Before he was finally tracked down, Awad went on to provide information about a weapons depot in a local mosque near his home. “Sami called me that day about 4pm asking me about the situation, and I told him everything was still there and that there were some Palestinian policemen sitting there as well. He called me again about an hour before they shelled the mosque. I also gave him some information about three tunnels in Rafah (which had been used to smuggle goods and weapons from Egypt).”
The seven policemen out the front of the mosque were killed and the weapons silo levelled.
In mid-May, Awad was forced to make his final call to his handler. With Islamic Jihad recording the conversation, he said: “I can’t talk to you today, I’m tired and sick.” The spook replied: “I didn’t like the way you talked to me yesterday, what is the password.”
“Salah, Salah,” Awad replied. The Shin Bet immediately knew the game was over.
Summary executions of accused collaborators have been common in both Gaza and the West Bank, and Awad was initially slated to be shot straight away. However, the senior leadership of Islamic Jihad intervened, sending him and another captured local ringleader of informants, Saleh Abu-Zayed, to the Hamas-run Interior Ministry, which deals with internal security in Gaza.
“This cell was one of the most dangerous in the Gaza Strip because of the length of time they had been dealing with the Israelis and the quality of the information they had provided them,” said Sheikh Nassiz Azzam, a joint-leader of Islamic Jihad in Gaza. “Abu Zayed had been dealing with them for 12 years. Awad was not that long, but his help was immense. He was directly responsible for the killing of the leader al-Keek and he did huge damage to the cause and the Palestinian people.”
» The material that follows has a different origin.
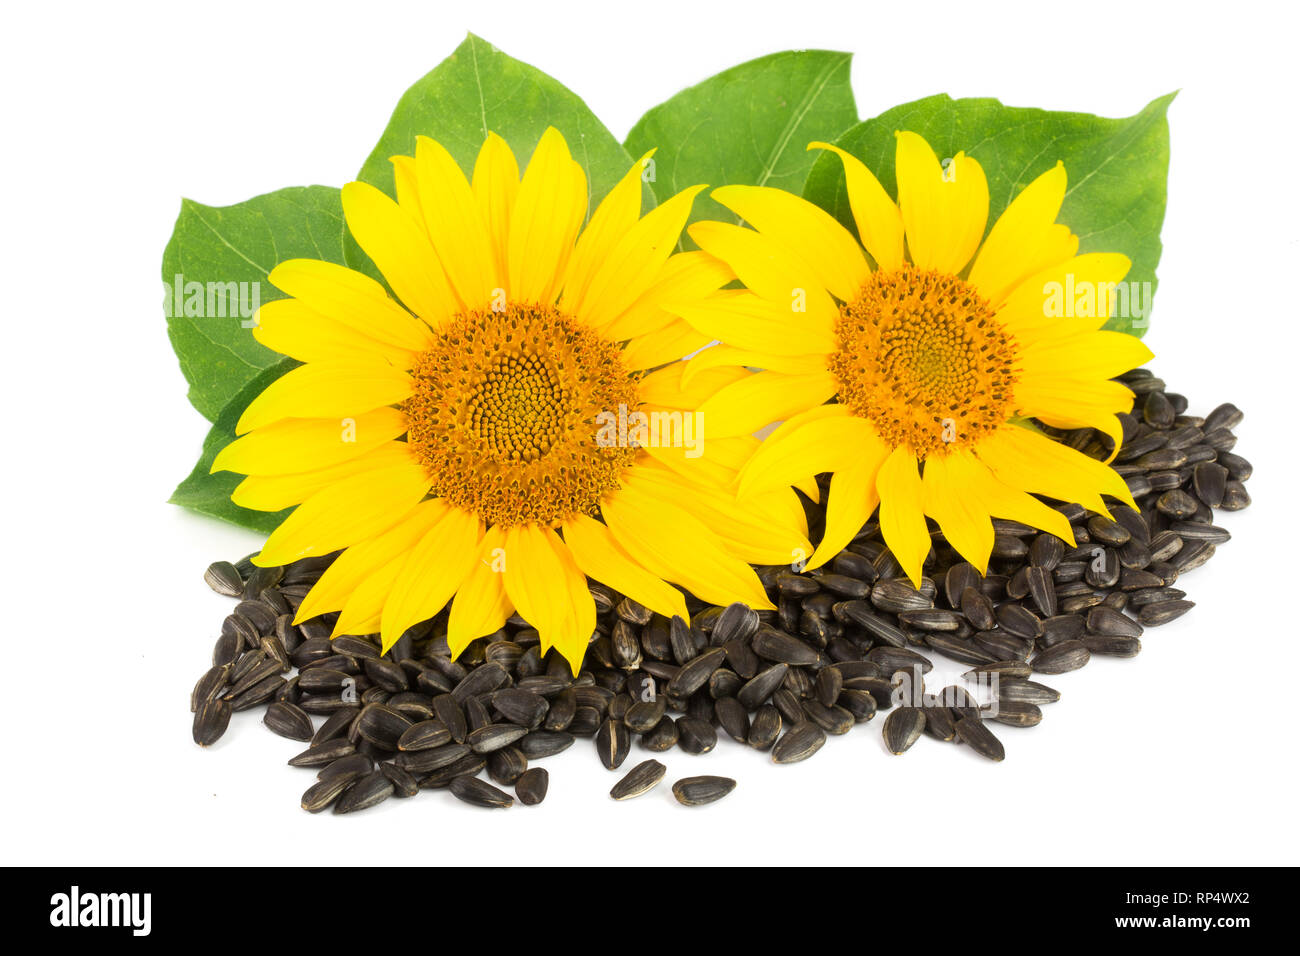 Two sunflowers with seeds and leaves isolated on white background. Stock Photo

Explaining the unusual step of handing both men over to what serves as a justice system in the legal vacuum of Gaza, he continued: “Everybody is dealing with this cautiously. There is great sensitivity over this file and we don’t want anyone to exploit the issue of collaborators for their own ends. After we interrogated them we handed them over to Hamas. We have conclusive evidence that they have committed many acts of sabotage and have been directly responsible for killing many members of the resistance.
“Awad admitted he had monitored and followed al-Keek and played a direct role in his murder. We have asked (Hamas) to give a heavy sentence as a deterrent and to protect the resistance and Palestinian society.”
Awad remains in a security prison in northern Gaza where his fate will be determined within weeks. He is way out of his handler’s reach and kept away from his family, who now face a lifetime of shame in Rafah.
UNRWA, which screens employees for militant links and asks them to sign contracts that vow no ties to political violence, or terror, is looking at how it can further tighten screening measures.
Even in a place so accustomed to betrayal, the fate of the furtive teacher and the doomed spy are haunting the landscape.